Крестьянин замолчал, он увидел приближающиеся носилки Херихора и его свиту. Заметив опахало и перекинутую через плечо шкуру пантеры, крестьянин понял, что это знатный человек и, по-видимому, жрец. Он подбежал, бросился на колени и припал к земле.
— Чего тебе, старик? — спросил вельможа.
— «Свет солнца, выслушай меня! — воскликнул крестьянин. — Да не будет стонов в твоих чертогах и да не постигнет тебя несчастье. Да не испытаешь ты неудачи в делах своих и не унесет тебя течение, когда ты будешь переплывать через Нил…»
— Я спрашиваю — чего ты хочешь? — повторил министр.

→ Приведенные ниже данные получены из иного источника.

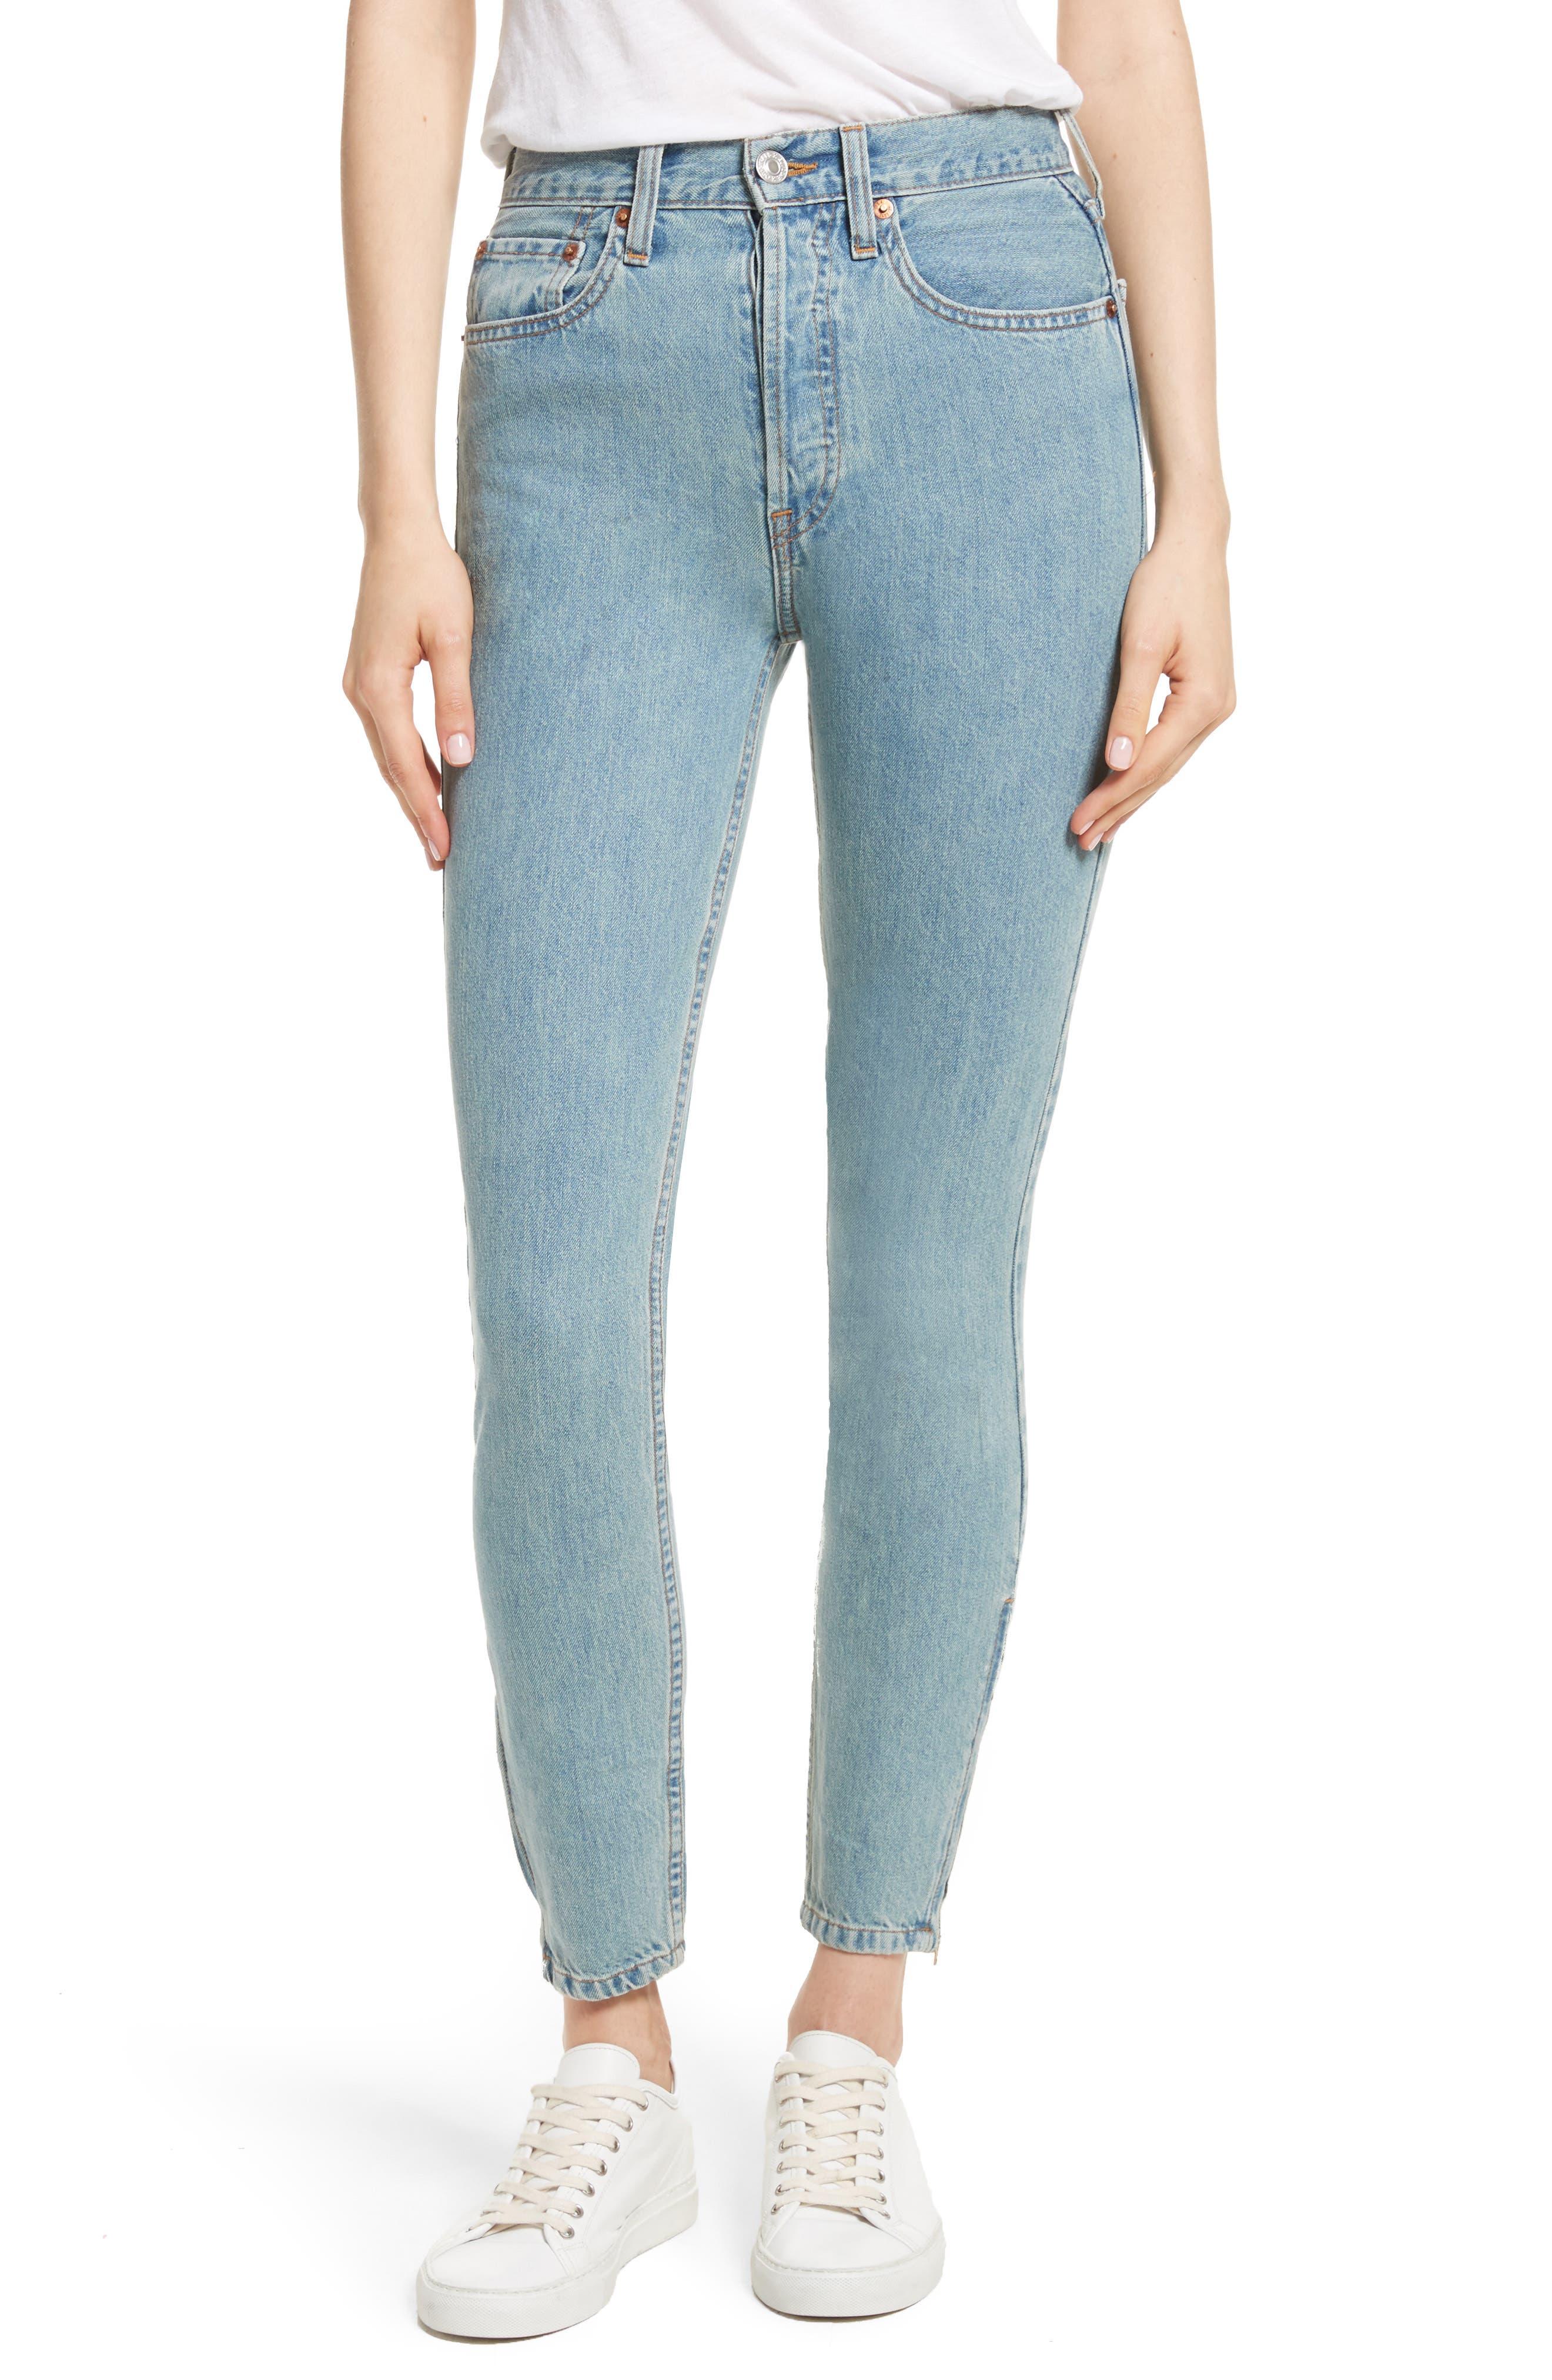 Originals High Waist Ankle Zip Jeans,                             Main thumbnail 1, color,                             90S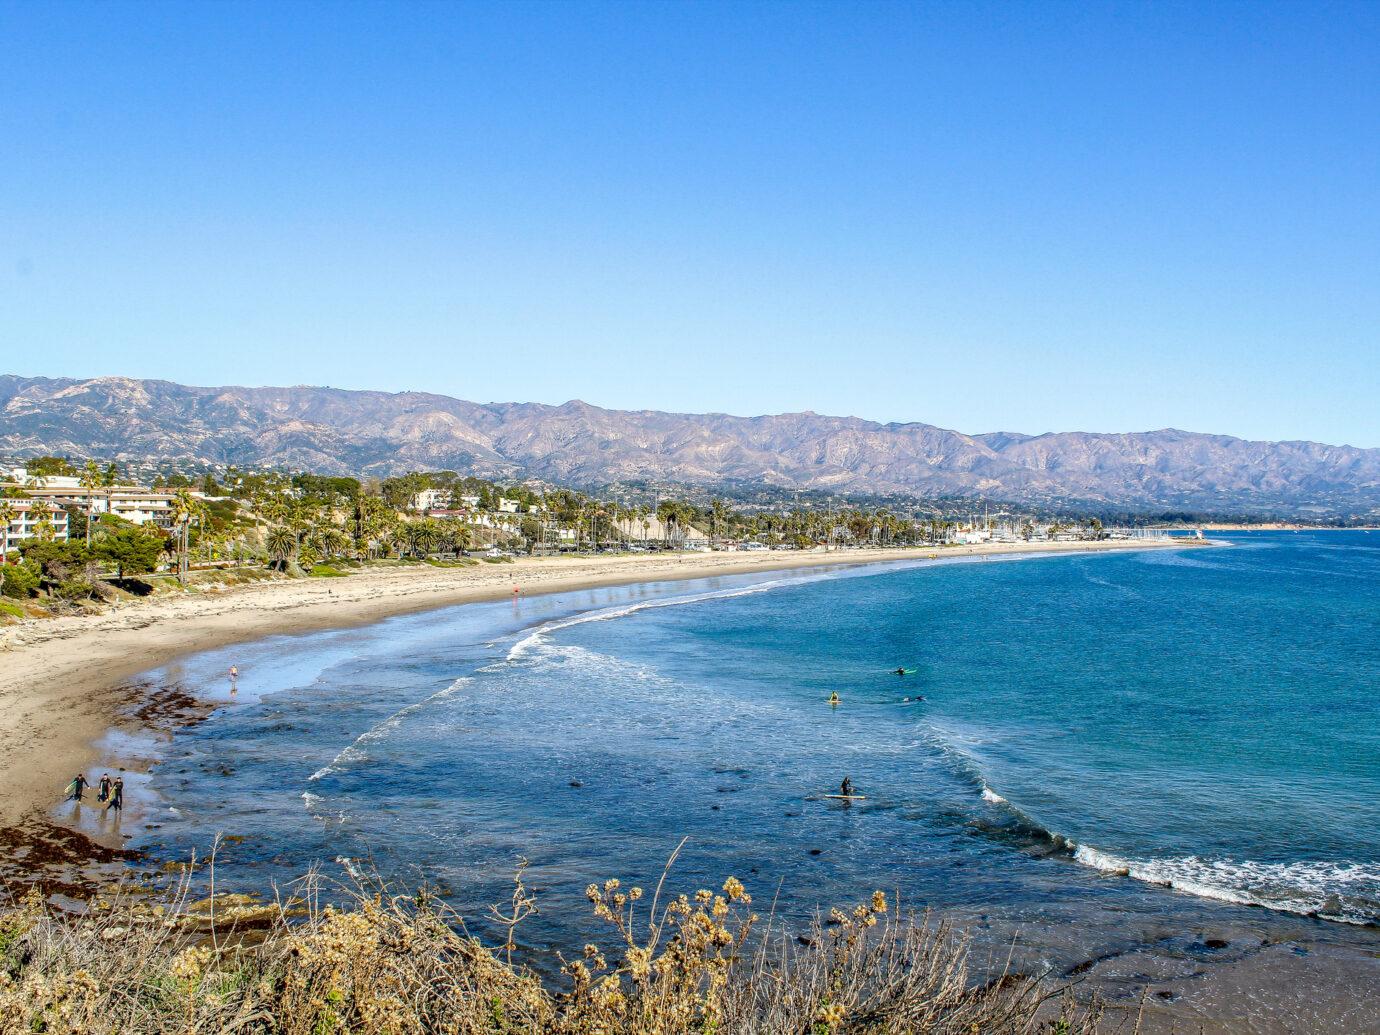 Beach in Montecito, California

— «Добрый господин! — продолжал крестьянин. — Начальник, не знающий спеси, побеждающий ложь и творящий правду… Отец нищему, муж вдове, кров не имеющему матери. Дозволь мне возглашать имя твое, как возглашают закон в стране. Снизойди к словам уст моих… Выслушай и учини справедливость, благороднейший из благородных…»[28]
— Он просит, чтобы не засыпали этот ров, — пояснил Эннана.
Министр пожал плечами и двинулся дальше по направлению к каналу, через который перебросили мостки. Тогда крестьянин в отчаянии обхватил его ноги.
— Уберите его прочь!.. — крикнул министр, отпрянув, точно от укуса змеи.
Писец Пентуэр отвернулся; его худое лицо стало серым. Эннана же набросился на крестьянина, сдавив ему сзади шею, но не мог оторвать его от ног министра и кликнул солдат. Минуту спустя Херихор переправился на другую сторону рва, а солдаты почти на руках оттащили крестьянина в самый конец колонны и дали ему десяток-другой тумаков, а всегда вооруженные прутьями низшие офицеры отсчитали ему несколько десятков ударов и бросили у входа в ущелье.
Избитый, окровавленный, а главное, перепуганный бедняк с минуту неподвижно сидел на песке, потом протер глаза и вдруг, вскочив, побежал по направлению к тракту, оглашая воздух воплями.
— Поглоти меня, земля!.. Проклят тот день, когда я увидел свет, и ночь, когда сказали: «Родился человек». В плаще справедливости нет и лоскутка для рабов. Да и боги не взглянут на такую тварь, у которой только и есть, что руки, чтобы трудиться, глаза, чтобы плакать, спина, чтобы получать удары. О смерть! Обрати мое тело в прах, дабы мне и там, на полях Осириса[29], снова не родиться рабом…
3
Вне себя от негодования, царевич Рамсес взбирался на кручу, за ним шел Тутмос. У щеголя съехал набок парик, фальшивая бородка свалилась, и он нес ее в руках. Он устал и казался бы бледным, если б не слой румян на лице.
Наконец наследник остановился на вершине холма. Из ущелья доносился до них гул солдатских голосов и громыхание катящихся баллист. Перед ними простиралась земля Гошен, все еще утопавшая в лучах солнца. Казалось, будто это не земля, а золотистое облако, на котором мечта выткала пейзаж, расцветив его изумрудами, серебром, рубинами, жемчугом и топазами.
Наследник престола протянул руку вперед.
— Смотри, — обратился он к Тутмосу, — там моя земля, а тут моя армия… И вот там самые высокие здания — дворцы жрецов, а здесь жрец командует моими войсками!.. Можно ли терпеть все это?
— Так всегда было, — ответил Тутмос, боязливо оглядываясь кругом.
— Ложь! Я знаю историю этой страны, скрытую от вас. Военачальниками и высшими правителями страны были всегда только фараоны, по крайней мере, наиболее энергичные из них. У этих властителей дни проходили не в жертвоприношениях и молитвах, а в управлении государством.